WHAT IS BEING ASKED: Set down the data below without change, skipping the pictures it holds.

[Opening INPUT DATA section]

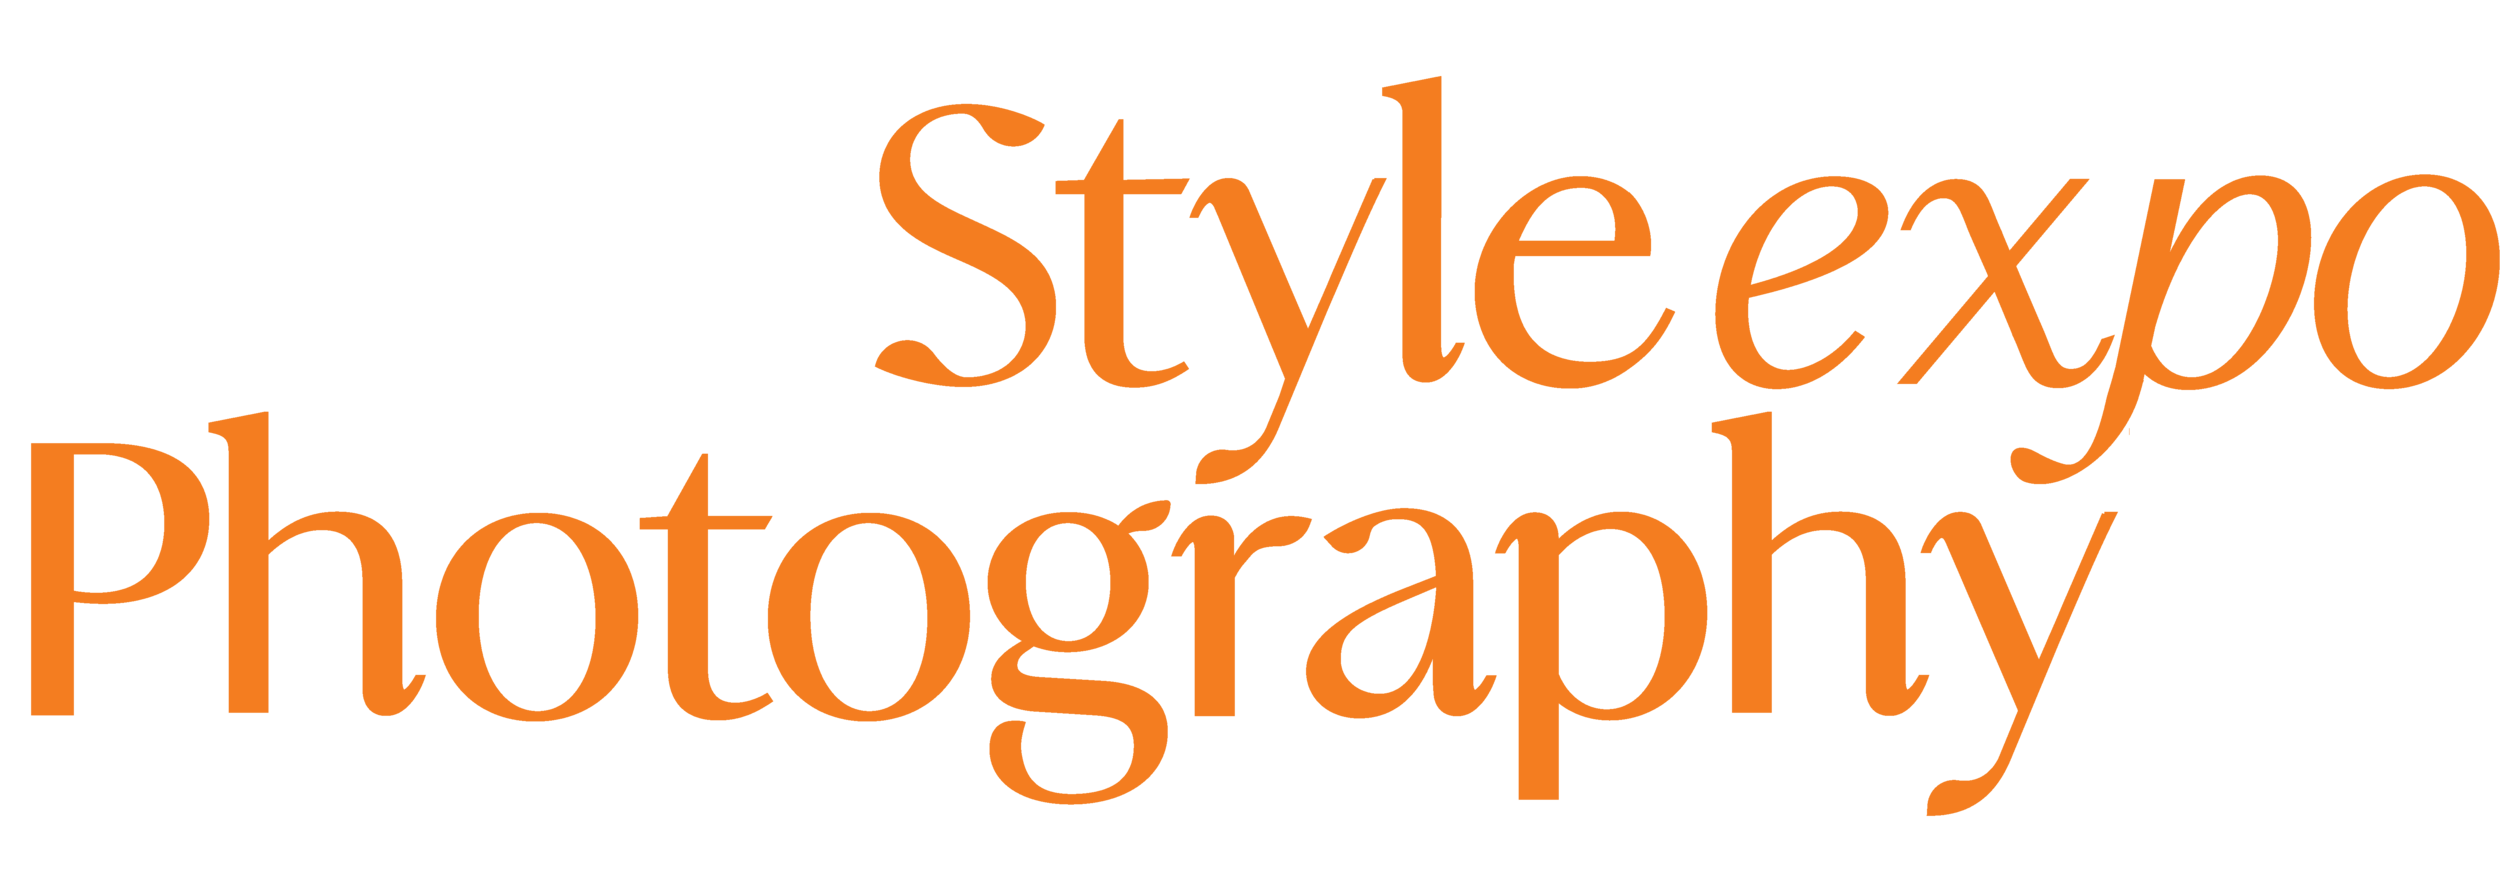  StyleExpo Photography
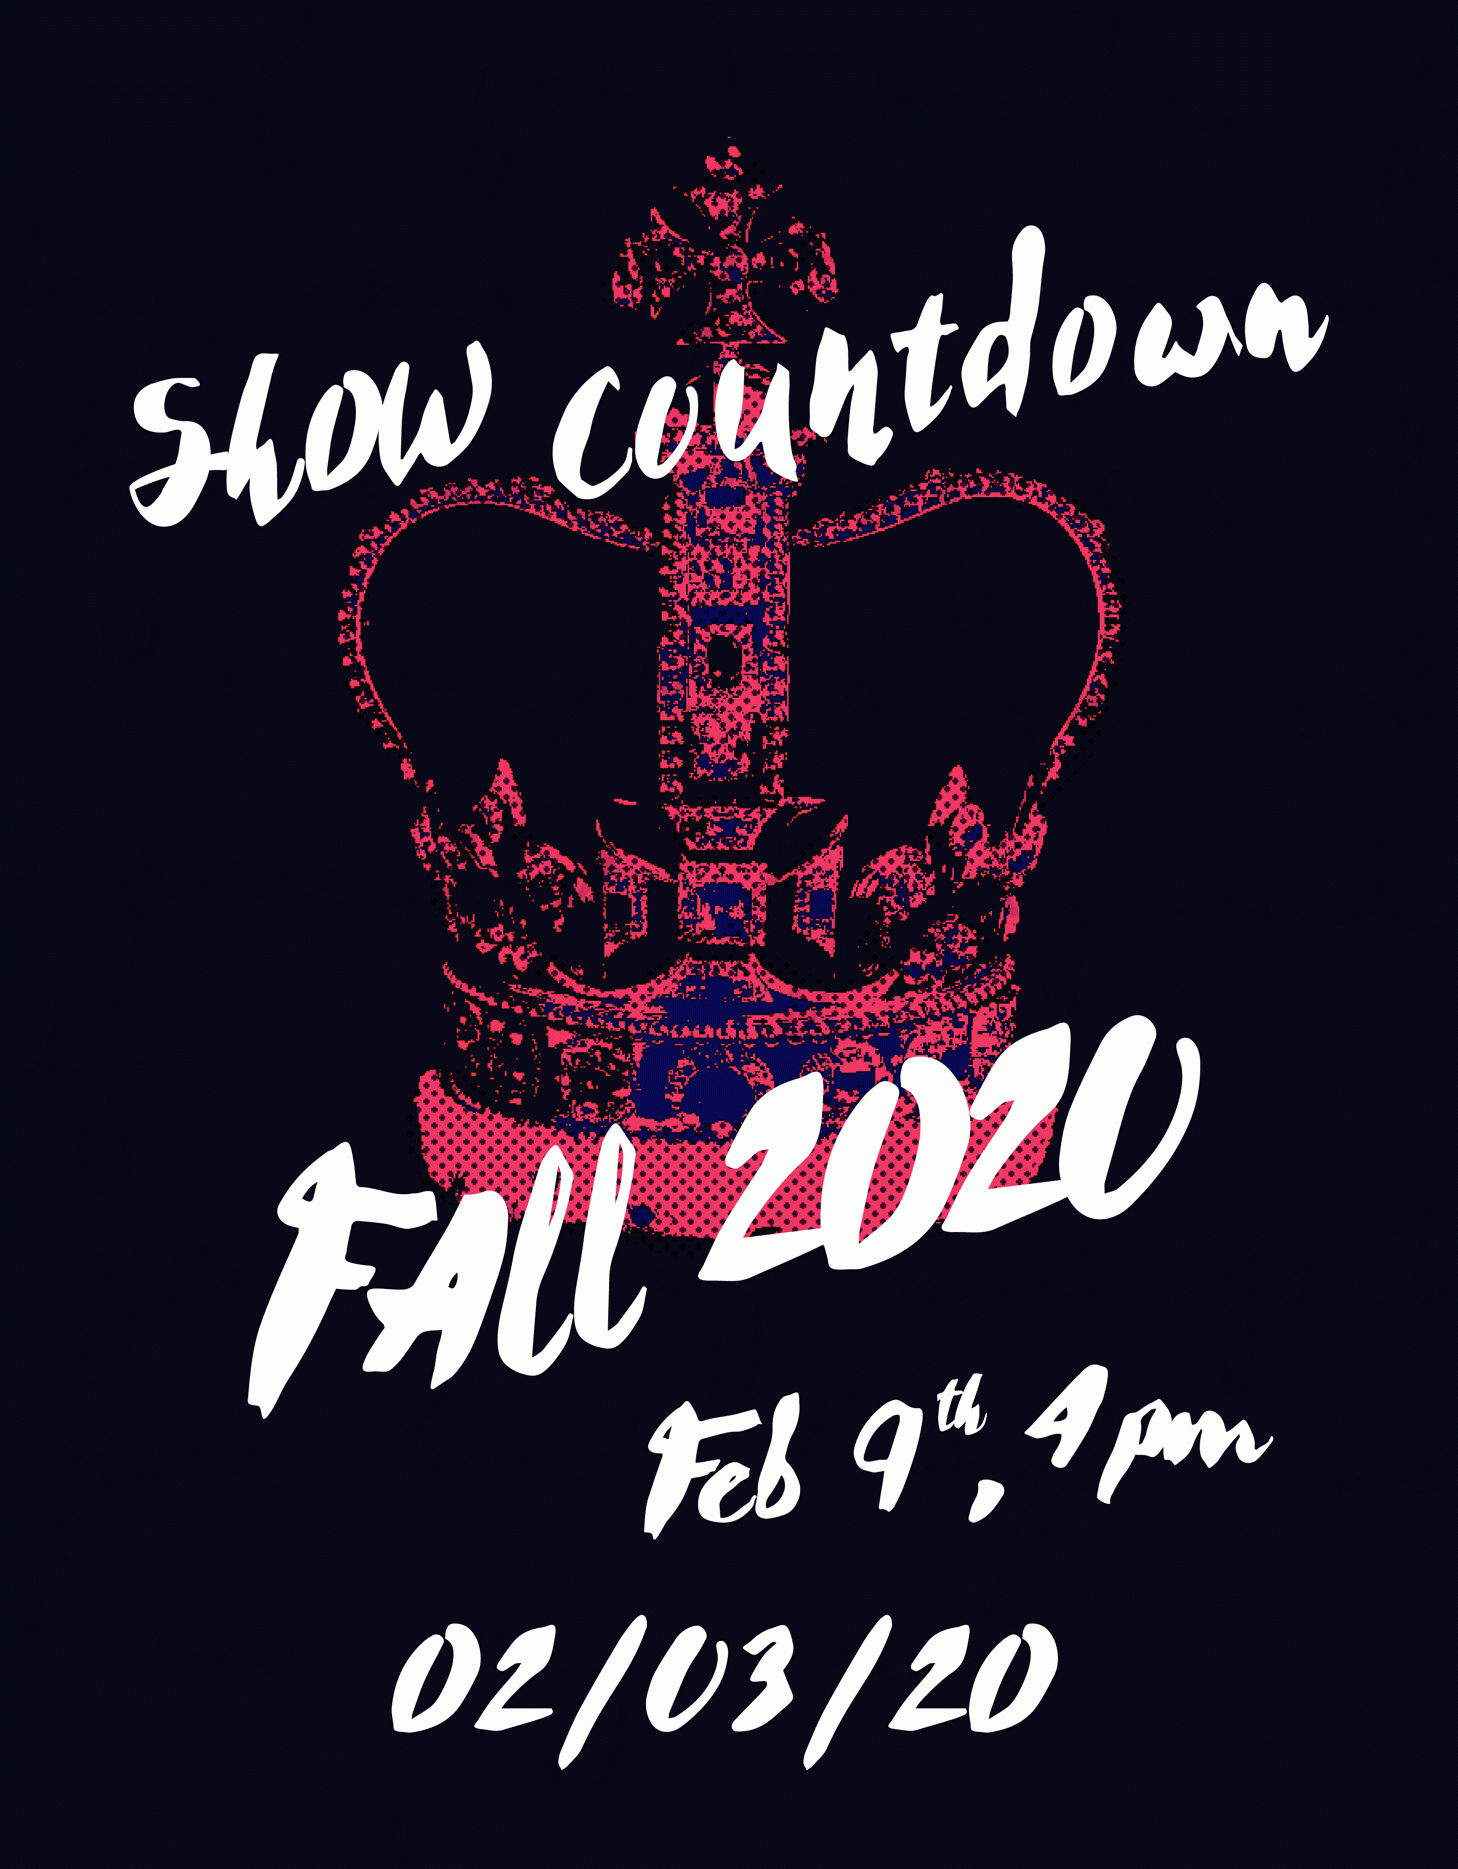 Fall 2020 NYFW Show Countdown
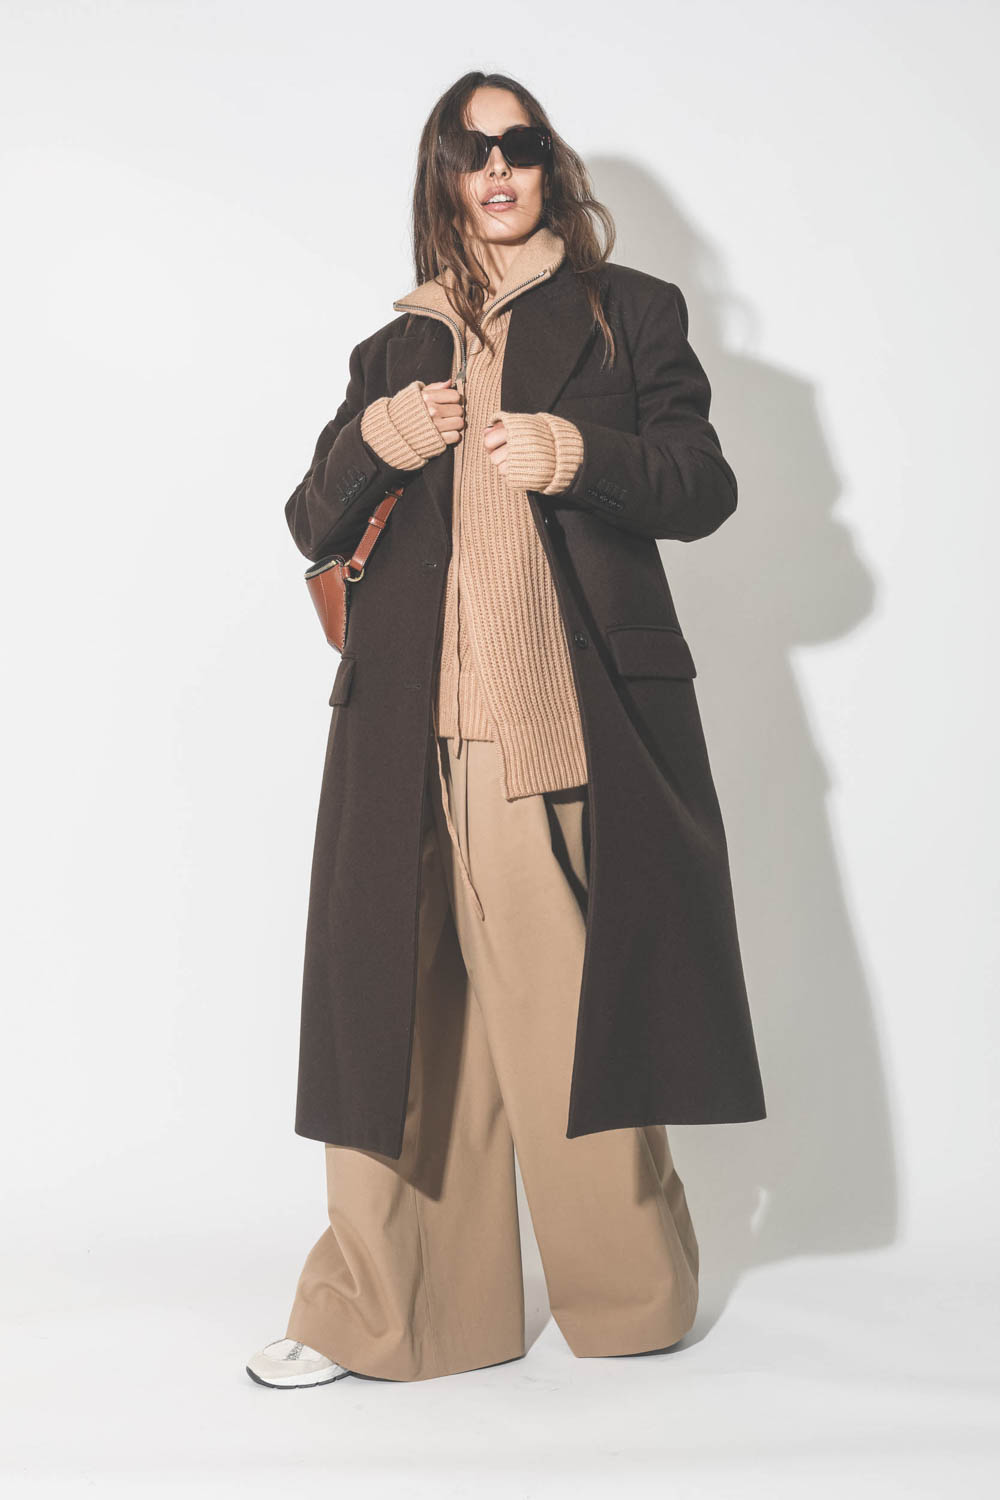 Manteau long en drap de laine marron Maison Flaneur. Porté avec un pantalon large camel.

[Closing INPUT DATA section]

ANSWER TO THIS EXERCISE:
  StyleExpo Photography
 Fall 2020 NYFW Show Countdown
 Manteau long en drap de laine marron Maison Flaneur. Porté avec un pantalon large camel.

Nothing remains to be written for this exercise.